ACTION ITEM
Which lines run from the one with "Measures: 166 x 194." through the end of the data? Retype them exactly, without pictures.

DATASET EXCERPT
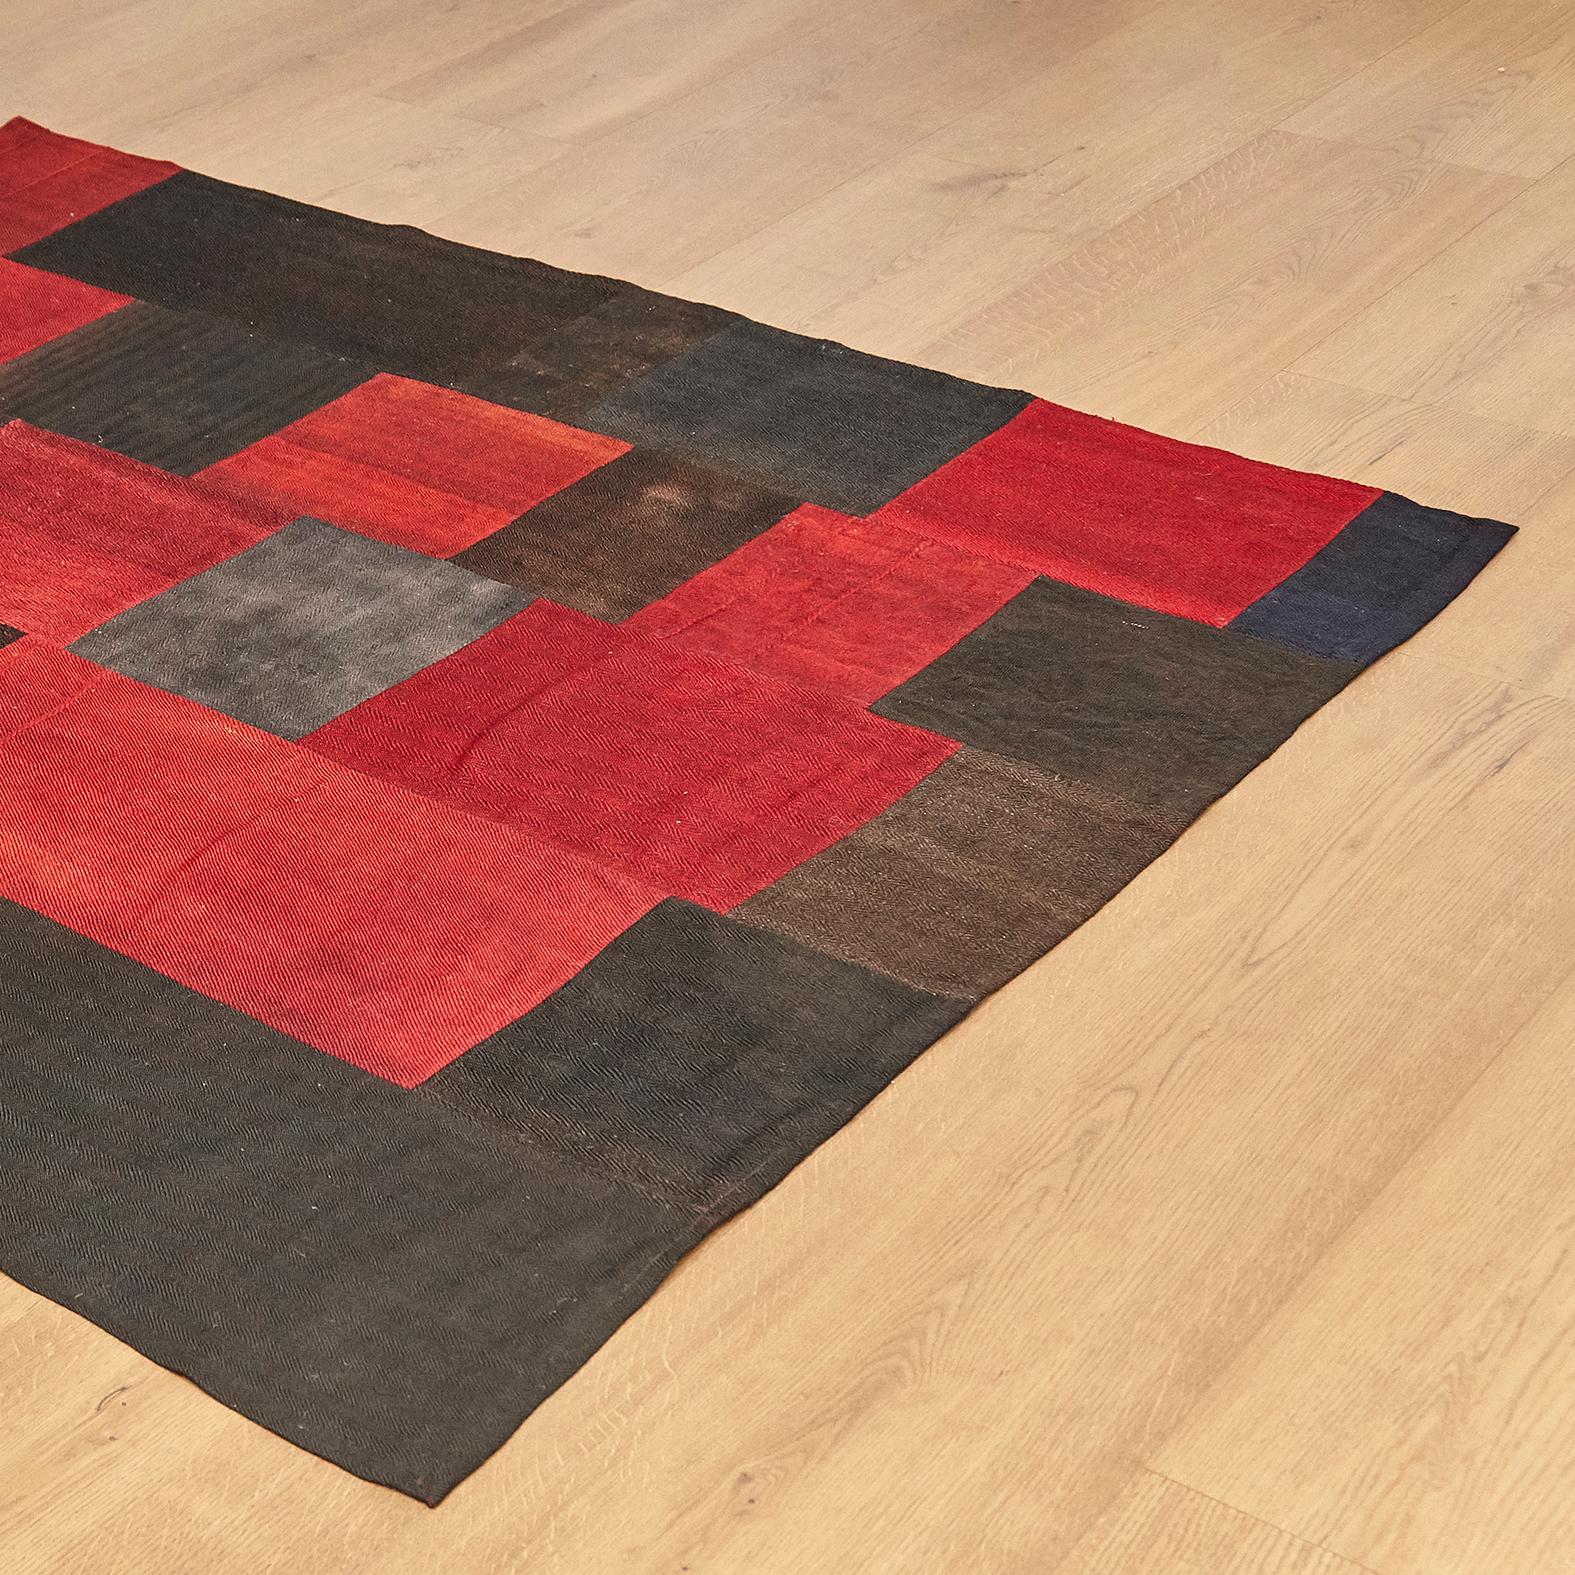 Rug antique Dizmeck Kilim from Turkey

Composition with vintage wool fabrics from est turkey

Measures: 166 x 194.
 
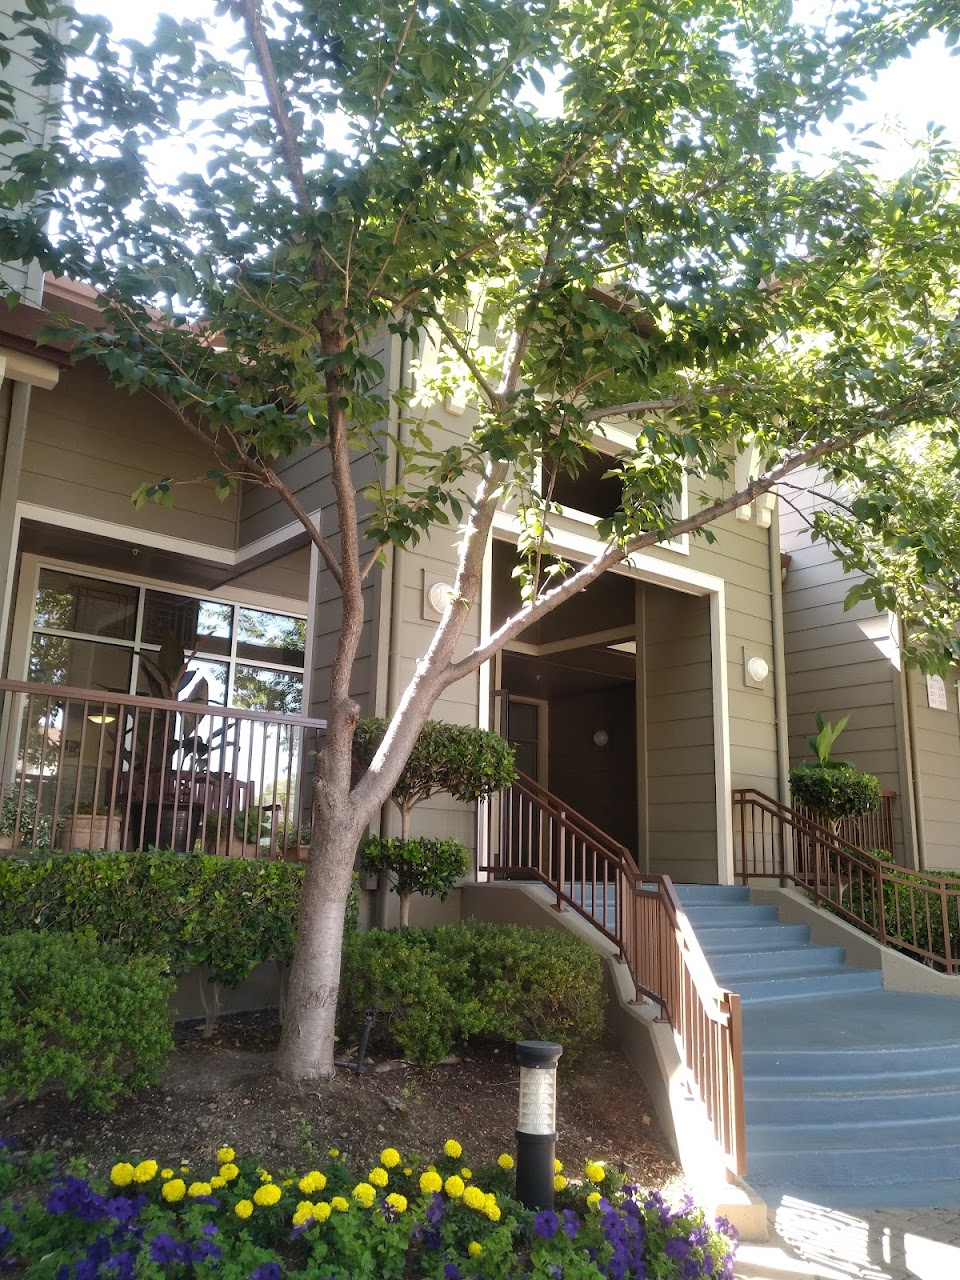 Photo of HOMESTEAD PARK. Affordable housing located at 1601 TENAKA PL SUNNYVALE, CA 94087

ANSWER TO THE PROBLEM
Measures: 166 x 194.
 
 Photo of HOMESTEAD PARK. Affordable housing located at 1601 TENAKA PL SUNNYVALE, CA 94087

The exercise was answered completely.